Ask for these if not already provided:
- **Service name and description** — what the service does and its role in the system
- **Tech stack** — language, framework, and infrastructure (e.g. Go/gRPC on Kubernetes, Python/FastAPI on ECS)
- **Current monitoring tooling** — Datadog, Prometheus + Grafana, CloudWatch, New Relic, Honeycomb, or none yet
- **Key user journeys** — the 2–4 most important things a user or consumer does with the service (these drive what to alert on)
- **Existing alerts** — paste any existing alert configurations or describe what's currently monitored

## Output Format

---

# Monitoring Setup Guide: [Service Name]

**Team:** [Team name] | **Tech lead:** [Name]
**Stack:** [Language/Framework] on [Infrastructure]
**Monitoring platform:** [Datadog / Prometheus+Grafana / CloudWatch / etc.]
**Date:** [Date] | **Review cycle:** Quarterly

---

## 1. Monitoring Philosophy

Good monitoring answers three questions:
1. **Is the service healthy right now?** (alerting)
2. **Was it healthy in the past, and is it trending worse?** (dashboards + SLO tracking)
3. **Why did something fail?** (logs + traces)

This guide defines the answers for [Service Name]. Every alert must be actionable — if an on-call engineer cannot take a specific action in response to the alert, the alert should not exist.

**Key user journeys monitored:**
- Journey 1: [e.g. "User submits a payment — POST /charges, receives confirmation"]
- Journey 2: [e.g. "User views transaction history — GET /transactions"]
- Journey 3: [e.g. "Subscription renewal job runs — background worker processes billing events"]

---

## 2. The Four Golden Signals

Apply the four golden signals specifically to [Service Name]:

### Latency

Latency measures how long requests take to complete.

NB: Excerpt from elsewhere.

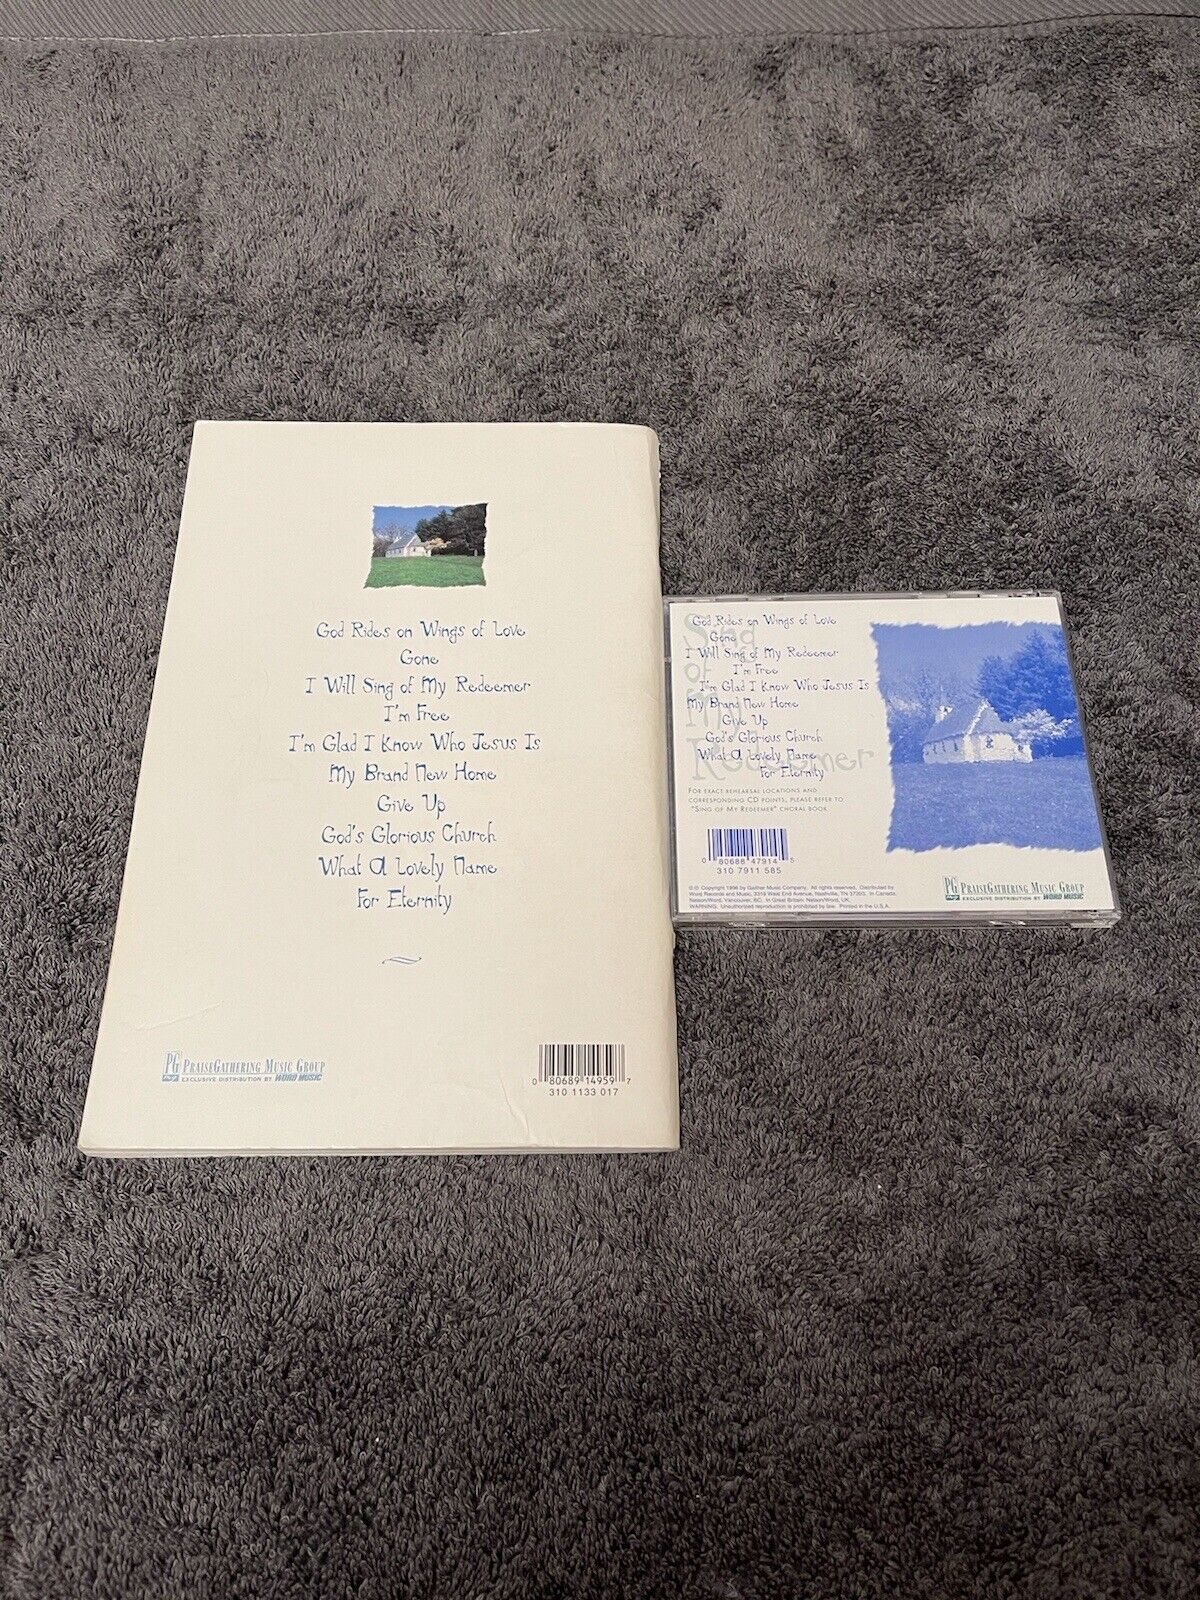 Geron Davis Sing of My Redeemer Accompaniment CD & Songbook ©1996 FREE Shipping Без бренда - фотография #2
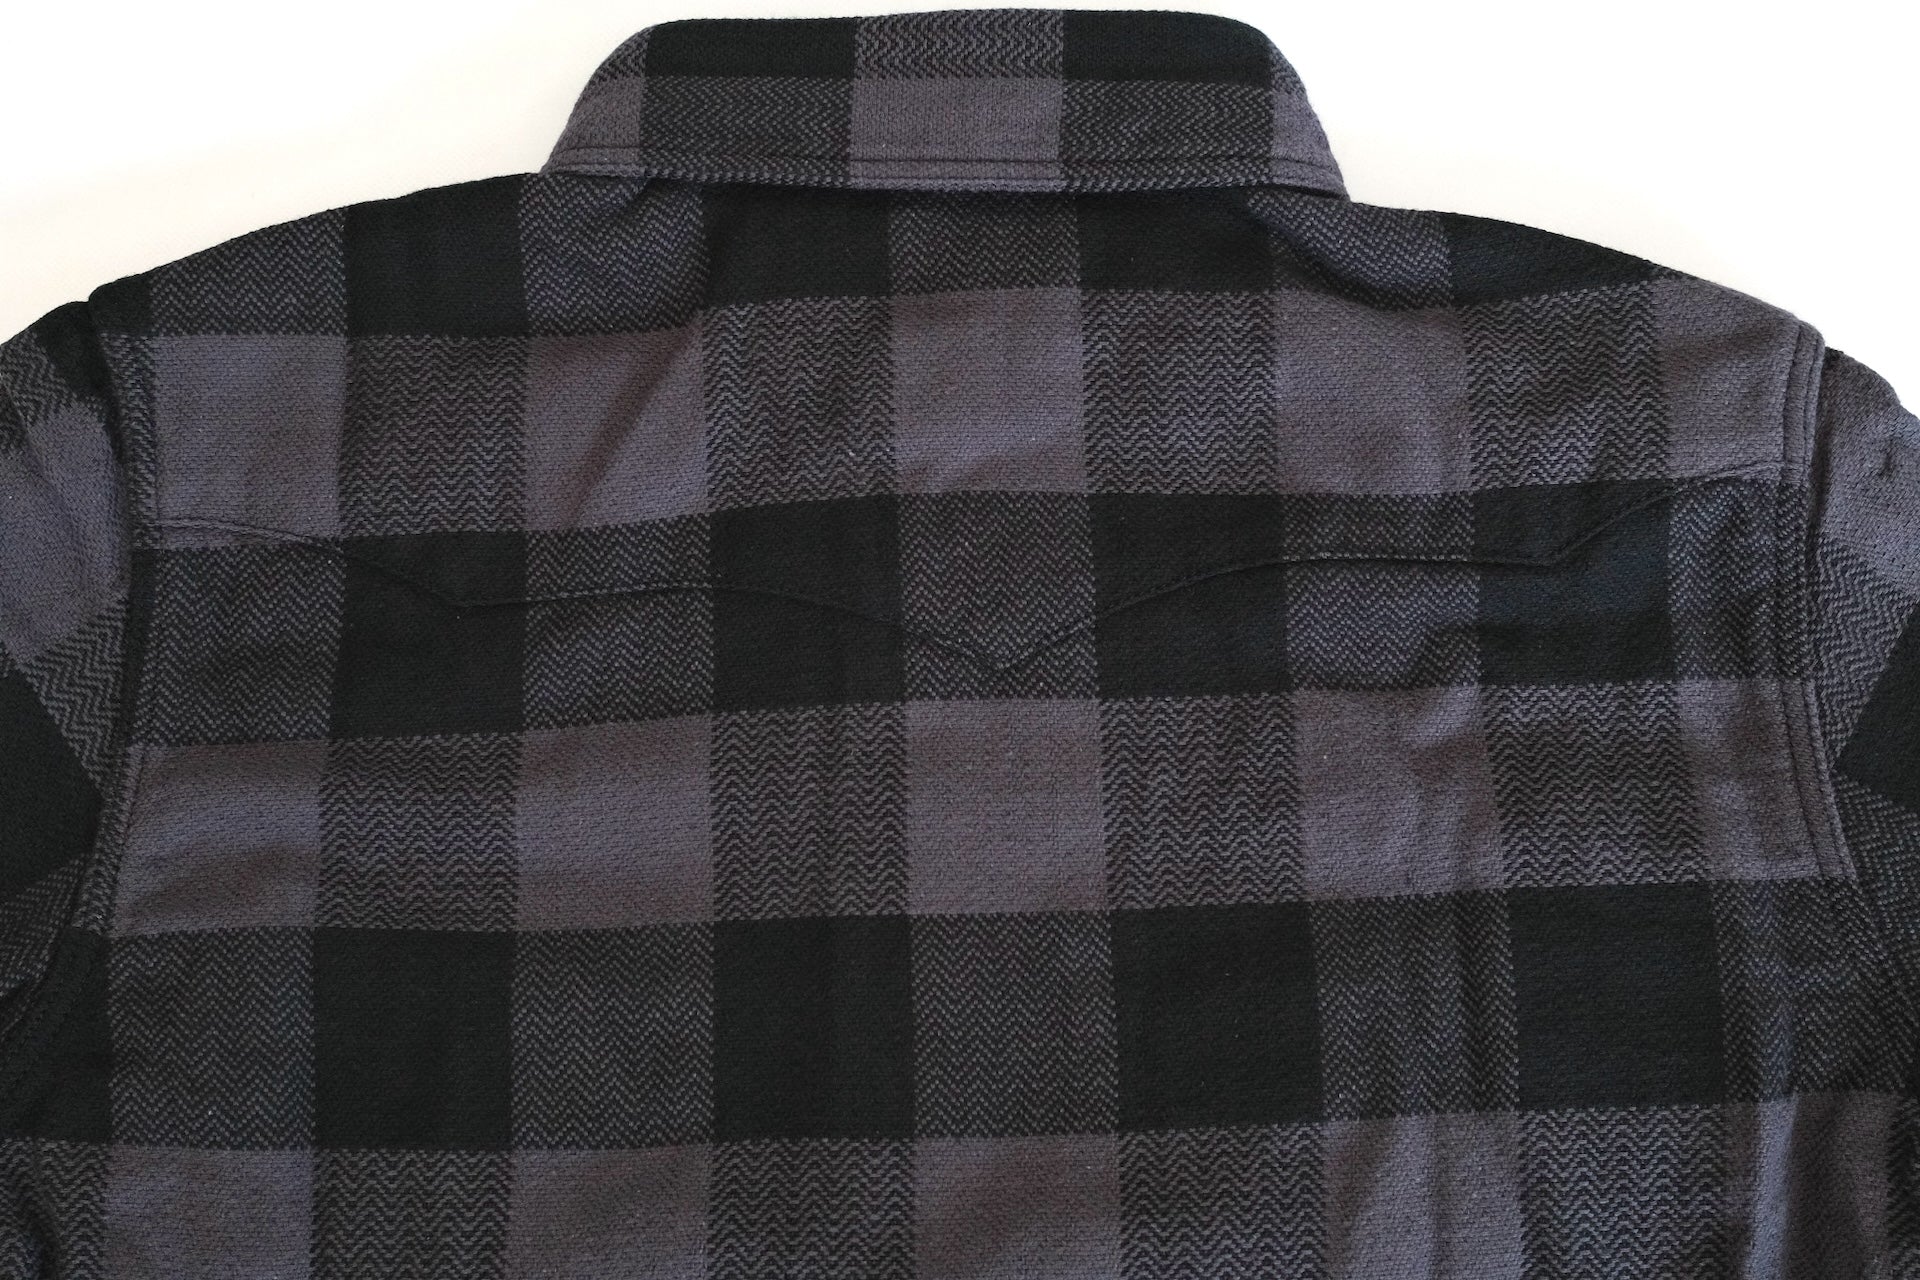 The Flat Head 12oz Selvage Flannel Western Shirt (Black X Grey)

Track it separately for successful and failed requests — slow failures hide behind fast errors if you only measure aggregate latency.

| Metric | Description | Source | Dimensions |
|---|---|---|---|
| `[service].request.duration_ms` | End-to-end request latency | Application instrumentation | `endpoint`, `method`, `status_code` |
| `[service].db.query_duration_ms` | Database query latency | ORM / query instrumentation | `query_name`, `table` |
| `[service].external.request_duration_ms` | Outbound call latency to dependencies | HTTP client instrumentation | `target_service`, `endpoint` |
| `[service].queue.processing_duration_ms` | Time to process one message (if applicable) | Consumer instrumentation | `queue_name`, `message_type` |

**Latency SLO targets:**

| Endpoint / operation | p50 target | p95 target | p99 target |
|---|---|---|---|
| `GET /api/v1/[resource]` | < [50] ms | < [200] ms | < [500] ms |
| `POST /api/v1/[resource]` | < [100] ms | < [400] ms | < [1000] ms |
| `GET /health` | < [10] ms | < [20] ms | < [50] ms |
| [Background job name] | < [5] sec | < [15] sec | < [60] sec |

### Traffic

Traffic measures demand on the system. Use it to detect unexpected spikes, traffic drops (which can indicate upstream failures), and to capacity-plan.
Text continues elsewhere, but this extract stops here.